- Born: c. 1965–1975 Unknown
- Died: c. December 1990 Unknown
- Cause of death: Starvation and exhaustion
- Body discovered: 25 December 1990, Teteringen, Breda, Netherlands
- Resting place: Groenstraat, Teteringen (located directly across from the Sint-Willibrorduskerk), Breda, Netherlands
- Known for: Unidentified victim of homicide; unsolved murder
- Height: 5 ft 4 in (160 cm)

= Teteringen Girl =

Murdered girl in the Netherlands, 1990

The Teteringen Girl (Dutch: Meisje van Teteringen; French: La jeune fille de Teteringen) is an unidentified teenaged girl or woman found dead on 25 December 1990 in the Cadettenkamp forest outside of Teteringen, a village northeast of Breda, Netherlands. She is one of the 41 unidentified women mentioned in Interpol's Operation Identify Me.

==Circumstances==
The Teteringen Girl was found by hikers near a trail near Galgestraat and Cadettenkamp (close to the A27 Motorway) on Christmas Day, 1990. The body was wrapped in a rug and covered with several blankets. She was wearing a red turtleneck sweater from a brand called Carine (which could only be purchased in Belgium at the time) and burgundy red corduroy trousers. She was not wearing socks, undergarments, or shoes.

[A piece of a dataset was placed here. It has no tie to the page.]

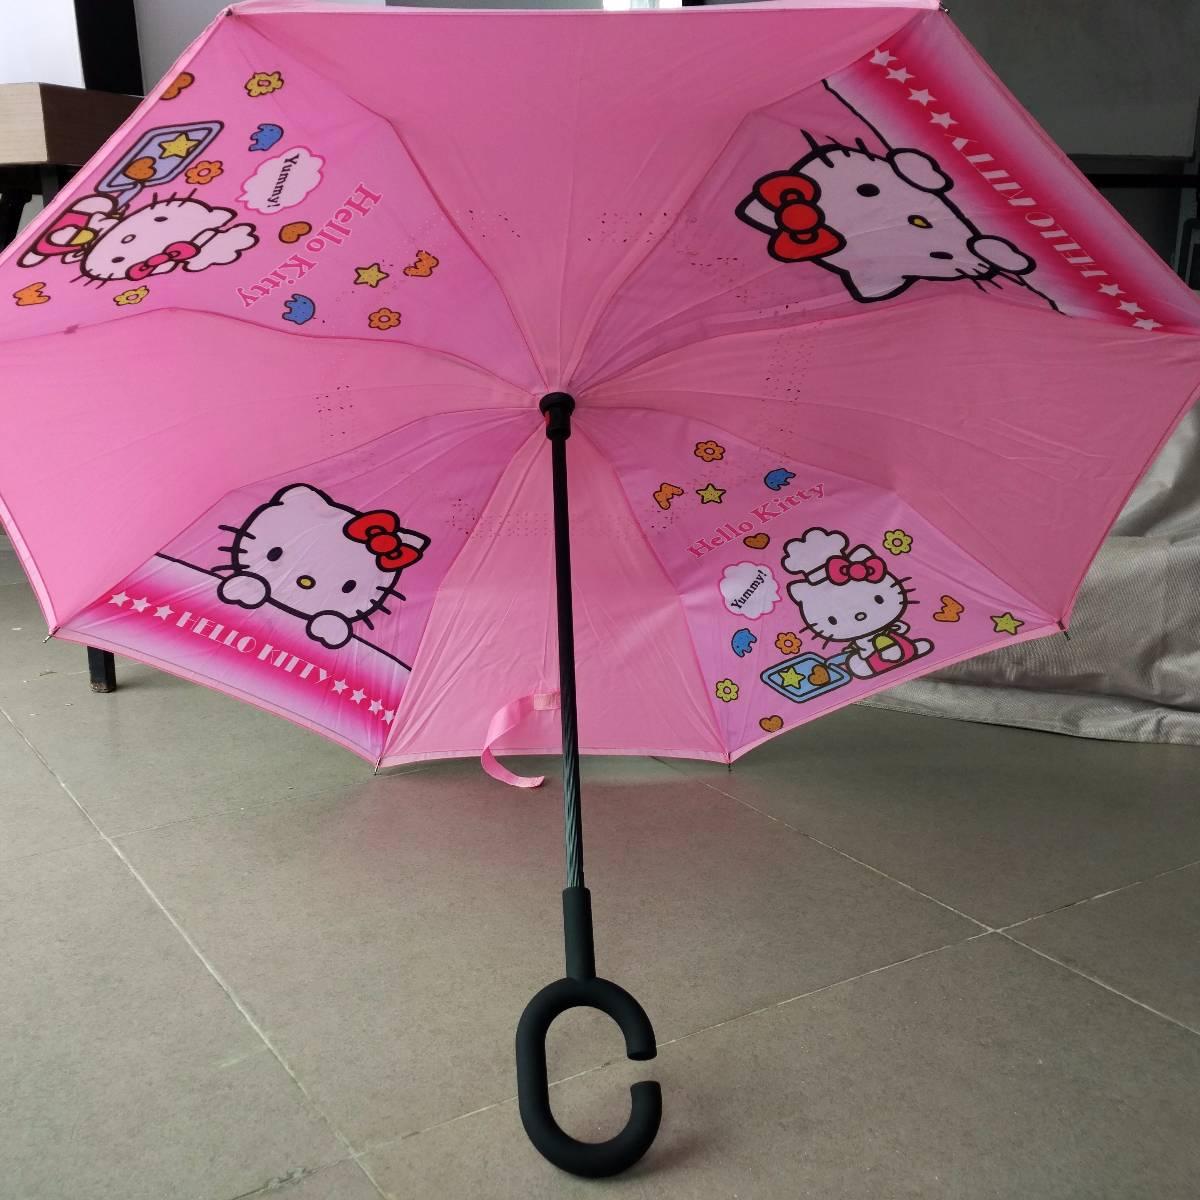 Payung Terbalik Karakter Kartun1

==Physical characteristics==
The Teteringen Girl was 163 cm tall (approximately five feet four inches), with an olive complexion, and is estimated to have been between the ages of 15 and 25 at the time of her death.

Her cause of death was determined to be starvation and exhaustion. Her body was emaciated, with bite marks on her skin. There was also evidence that cigarettes had been put out on her skin as well.

She was assumed to be of Moroccan descent.

==Investigation==
It is believed that the Teteringen Girl lived in the Netherlands or another central European country (such as Belgium, France, Luxembourg, or Germany) for at least five years before her death. Although arrests were made after the discovery of her body, the case went cold.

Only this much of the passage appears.